Вспоминается Моравский. Как сейчас вижу его: худенький, со впалой грудью, он всех нас забавлял в крепости некоторыми акробатическими фигурами, за что и прозвали его «колесо». Вот он поет в студенческой опере 1 [«Из жизни студентов»; она была сложена в крепости и там же давалась; содержание взято из истории 1861 г., а музыка - из тогдашних опер. (Прим. Л. Ф. Пантелеева)] «и умрем мы, если надо, за его свободу» (то есть свободу народа) - и с последним словом наносит себе энергический удар в грудь. В 1862-1863 гг. он был одним из самых деятельных и горячих членов «Земли и воли», а также усердным печатником в нашей типографии. Потом я совсем потерял его из виду; но в половине 70-х гг. слышал, что он мирно пребывает в провинции в качестве члена окружного суда 2 [По выходе моих «Воспоминаний» получил от него письмо из Одессы, где он оказался членом судебной палаты (Прим. Л. Ф. Пантелеева)].
Совершенную противоположность ему представлял Пушторский, человек рассудочный, в личной жизни крайне аккуратный; до студенческой истории был под сильным влиянием Кавелина, но посидел в крепости (Кронштадте) - и в 1862 г. не колеблясь примкнул к «Земле и воле» и никогда не уклонялся от возлагаемых на него поручений. В одном остром эпизоде обнаружил большой характер и благородство.
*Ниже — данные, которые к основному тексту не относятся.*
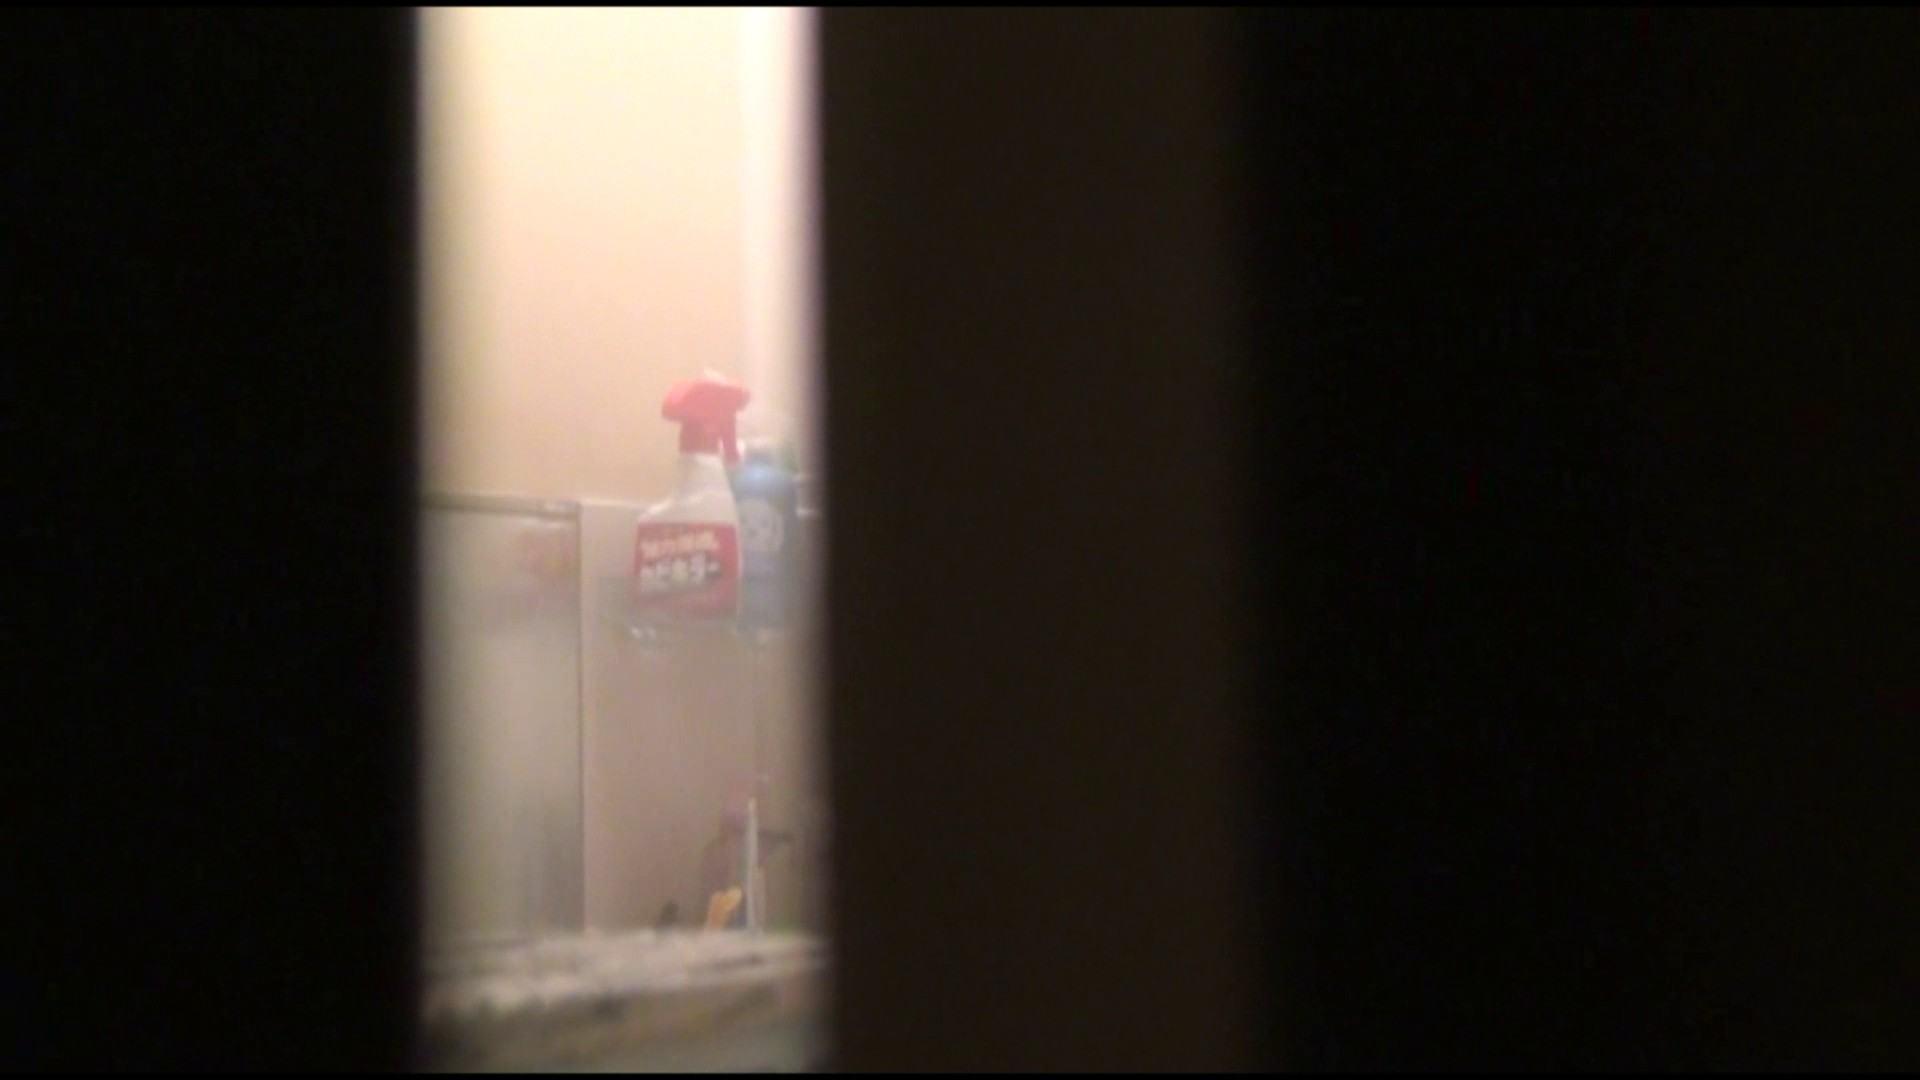 vol.08最高のパイラインを流れるシャワーの水が極上嬢をさらに引き立てます! 盗撮で悶絶 オマンコ無修正動画無料 78画像 68
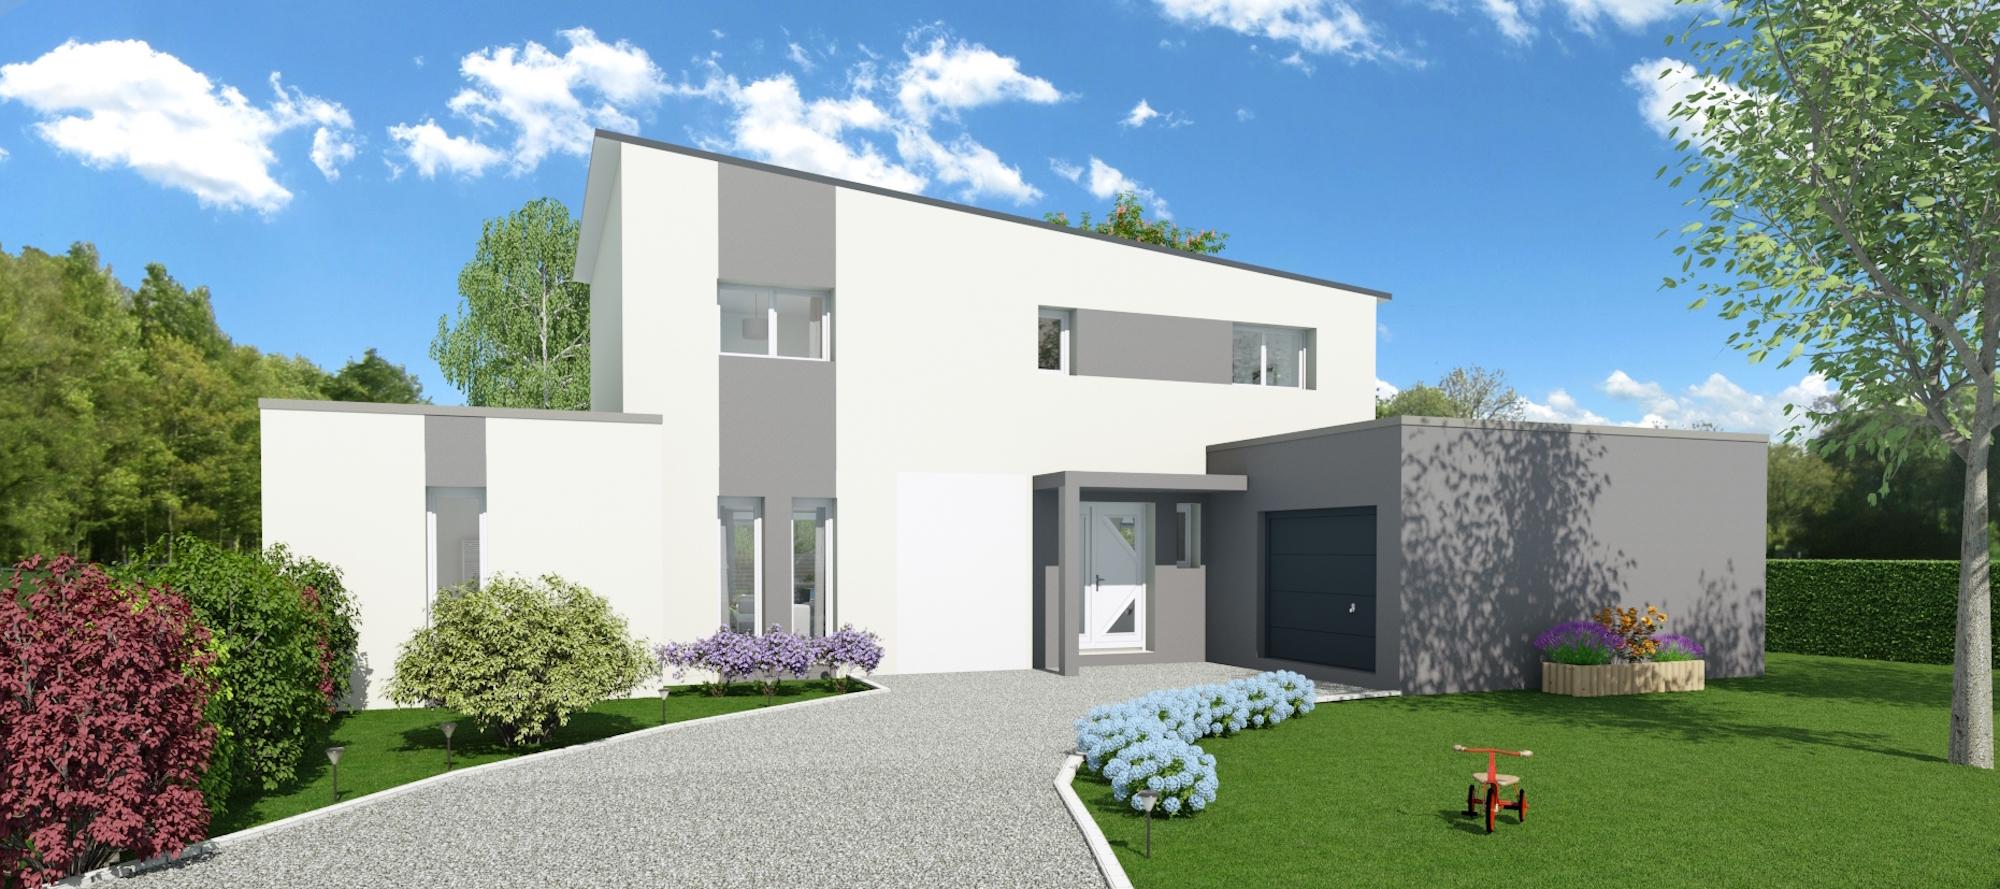 Plans de maisons à construire | Maison Laure

После разных помех (главным образом двух арестов) сдал, однако, экзамен, уехал в провинцию и все время служил - да, кажется, и теперь служит, - одно время по земству, а затем на коронных местах. Видя его, зная даже, что он и поднесь исповедует либеральные идеи, все-таки никому и в голову не придет, что он, хотя и короткое время, был видным членом «Земли и воли».
Я иногда встречаю лицо, через посредство которого была добыта топографическая карта Западного края (И. Д. Смирнов, бывший директор кадетского корпуса в Москве). Он сделал хорошую карьеру и еще недавно занимал не только ответственный пост, но и такой, на который назначают с особенной осторожностью в смысле благонадежности. Со мной он всегда высказывает крайне либеральные взгляды; одна беда, он не приведи бог как говорлив и скучен, чего в прежнее время за ним как-то не замечалось.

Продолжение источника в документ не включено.